They ARE working from the same script. LoL... They're often men, wearing business attire and carrying a briefcase, who go work in a call center environment in Nigeria somewhere. They learn tricks to keep your attentiond, and rebuttals to whatever suspicions you might express. The goal is to enchant you with photos, pretend they're truly interested in getting to know you and to care and then, eventually, figure out a way to get money from you. They may ask you to western union it, paypal, cashapp, buy gift cards, or use more nefarious means like your credit card and bank info. They may also send links which install malware when you click them.


----------



## BigElectricKat (Jun 9, 2020)

Look...
If any woman, ANY WOMAN, is in need of someone to pay attention to them so bad that they would fall for these scams, do me a favor. PM me here instead and I'll be sure to chat with you plenty. And you won't have to pay me, or buy me anything, or send nudes. * Did I really just say that?*

Seriously, why aren't there some Nigerian women running this scam on men? And... do I need to take my picture down? Is that why I hardly get any replies/messages? The only reason I have that up there is because I am really, Really, REALLY UN-PHOTOGENIC and it's the best picture I have of myself. Sheesh, I've scared myself a time or two looking in the mirror. Maybe that's it. Oh, and I guess I'm not exactly fit or apparently fat enough either. I need to get a new hobby.


----------



## Shotha (Jun 9, 2020)

ChubbyPear said:


> I wanted to go back and mention fake pics in my post, but can't figure out how to edit
> 
> The "deployed military" thing is really common on ALL dating sites. If they tell you they're deployed military, ask for MANY and "right now" photos with specific instructions. Ask them to do something like stick out their tongue and cover their left eye with their pinky finger and send you a pic. Also read carefully to find grammatical errors. If they're claiming to be American and it doesn't sound like English is their native language, they're probably lying.



I can often get an idea of where they're from, because of my background in linguistics. A guy once started messaging me on Grommr, saying that he was a young German man living in America and that he owned several high class restaurants. His grammatical mistakes weren't the sort of mistakes that a German would make. I reported him. They checked him out and said that he wasn't a scammer. So, I pointed out to them that his grammatical mistakes were the sort that would be made by a speak of an African language, most probably north-west Africa. They checked him out again and found that he was in fact a Nigerian scammer.

I like playing with scammers' heads.


----------



## Sonic Purity (Jun 10, 2020)

BigElectricKat said:


> And... do I need to take my picture down? Is that why I hardly get any replies/messages? The only reason I have that up there is because I am really, Really, REALLY UN-PHOTOGENIC and it's the best picture I have of myself. Sheesh, I've scared myself a time or two looking in the mirror. Maybe that's it. Oh, and I guess I'm not exactly fit or apparently fat enough either. I need to get a new hobby.

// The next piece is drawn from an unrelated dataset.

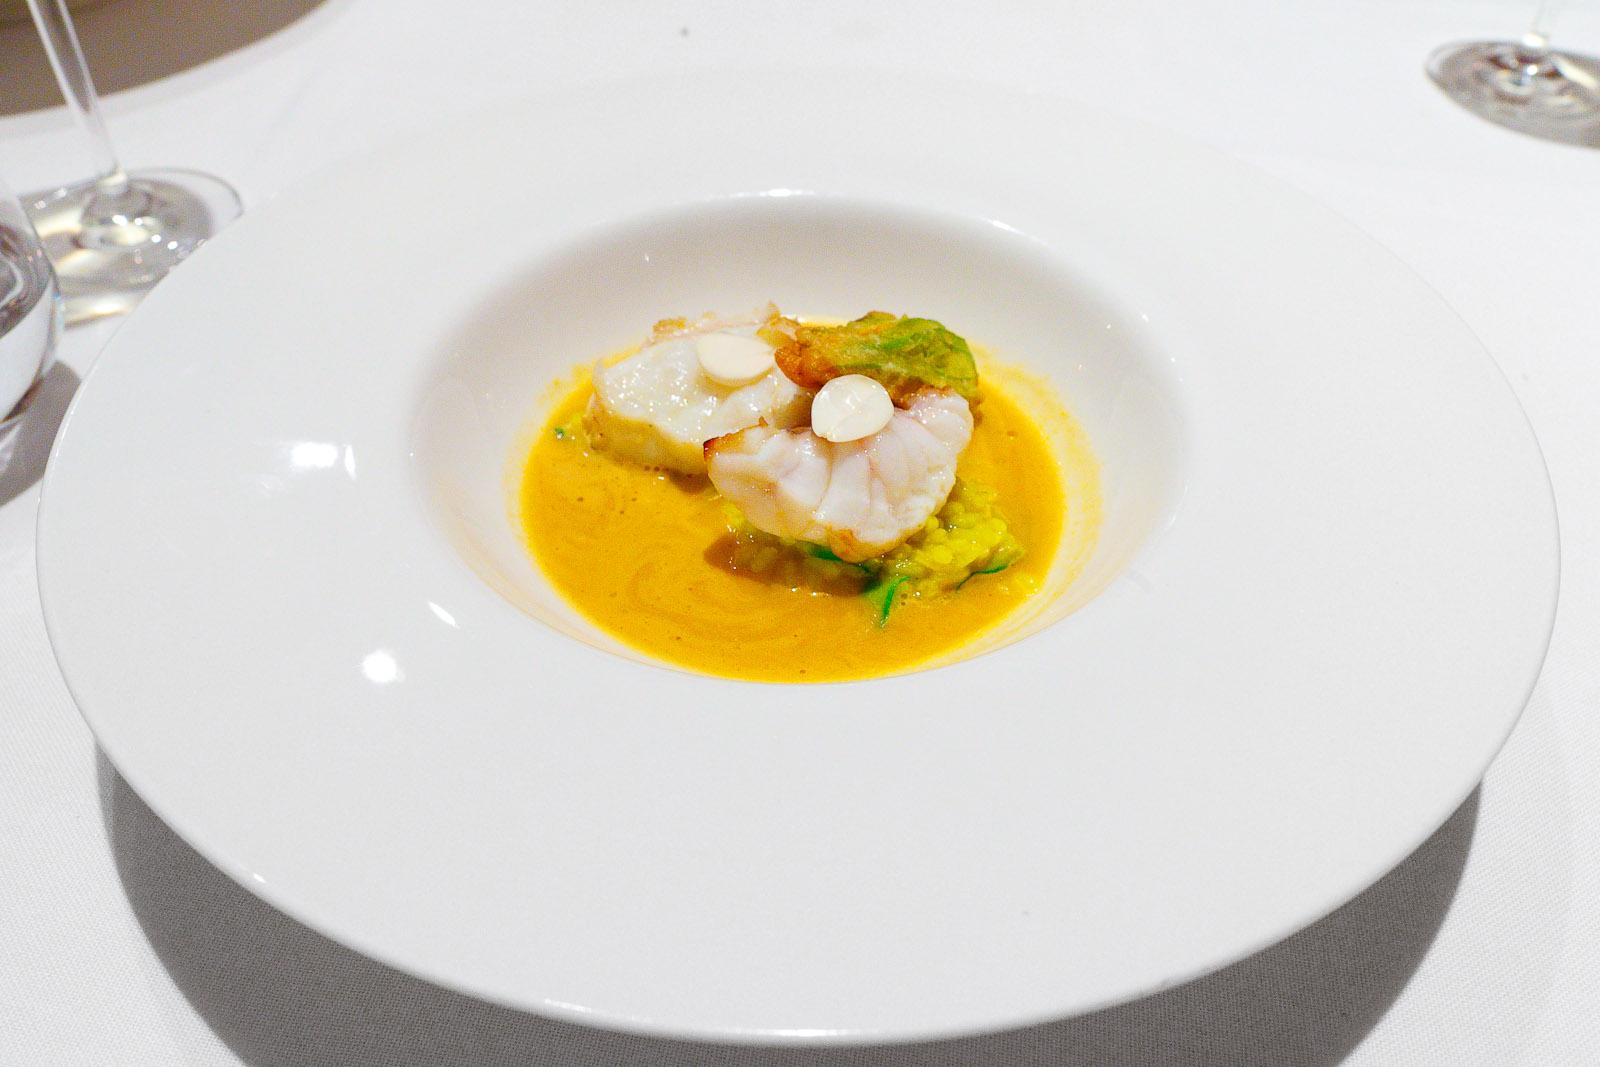 Monkfish with saffron rice and zucchini flower

With the context that neither of us is in the realm of each other’s intimate interest:

* Current pic seems good, and everyone around here knows you’re legit. Newbies surely figure that out real fast.

* If you want to have a REALLY UN-PHOTOGENIC throwdown, i’m ready. You have met your match. CCD digicam sensors burn out rather than try to capture my image. I’ve become physically nauseous looking at pictures of myself.

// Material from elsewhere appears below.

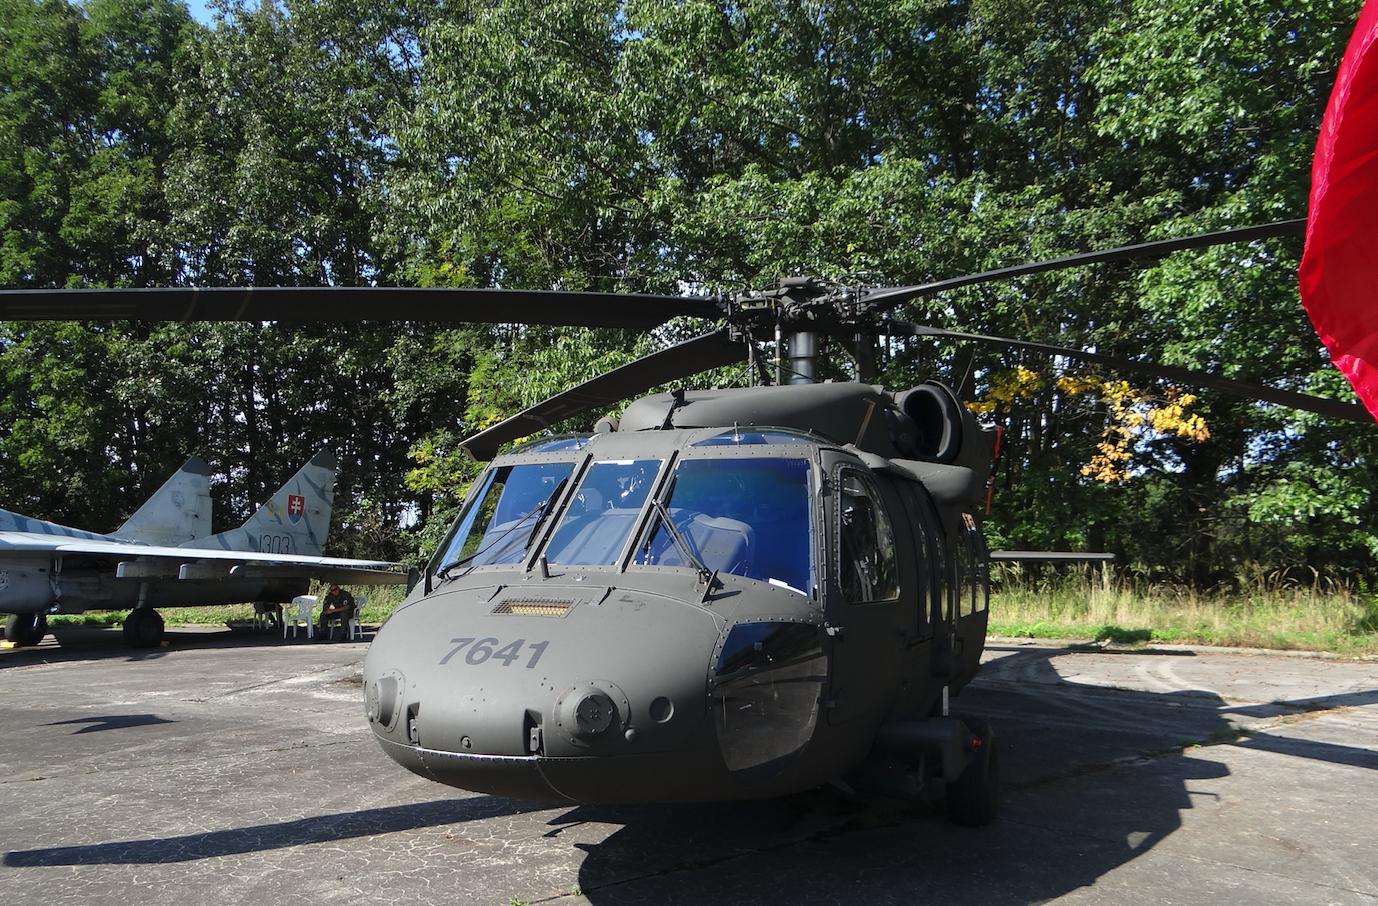 Black Hawk USAF. 2018. Photo by Karol Placha Hetman

There came a point where i gave up: i look how i look. This is how the world sees me. So i go with the least-worst images available to me.

Not-truly-pro tip, for everyone who doesn’t like themselves in photographs: *make a video and take screenshots from the video*. Somehow no matter what i do, i can never get a good pose for a still picture. But oh my, when i let the camera capture in video mode then pick the exact best moments later as still image screenshots: _way_ better! My current avatar here and on every other site i’m on is a video screenshot (other than the home page of jigglejunkie.com, and y’all can see how ugly i look there. I put that one up for the purple hair, from before i got into video selfies). No way i could have captured the glorious flying hair fling in my Dims avatar on my own.

* Betcha the video thing works. If not, consider one of those illustrations of a cat whose fir is all raised up sticking out, maybe with lightning bolt shapes as though it’s been plugged into house power, to go with your user name.

* I appreciate reading your posts, and your participation here. As with Loopy and others, seeing you on the staff/moderation team and participating adds a personal level of comfort which makes me feel more comfortable participating here.


----------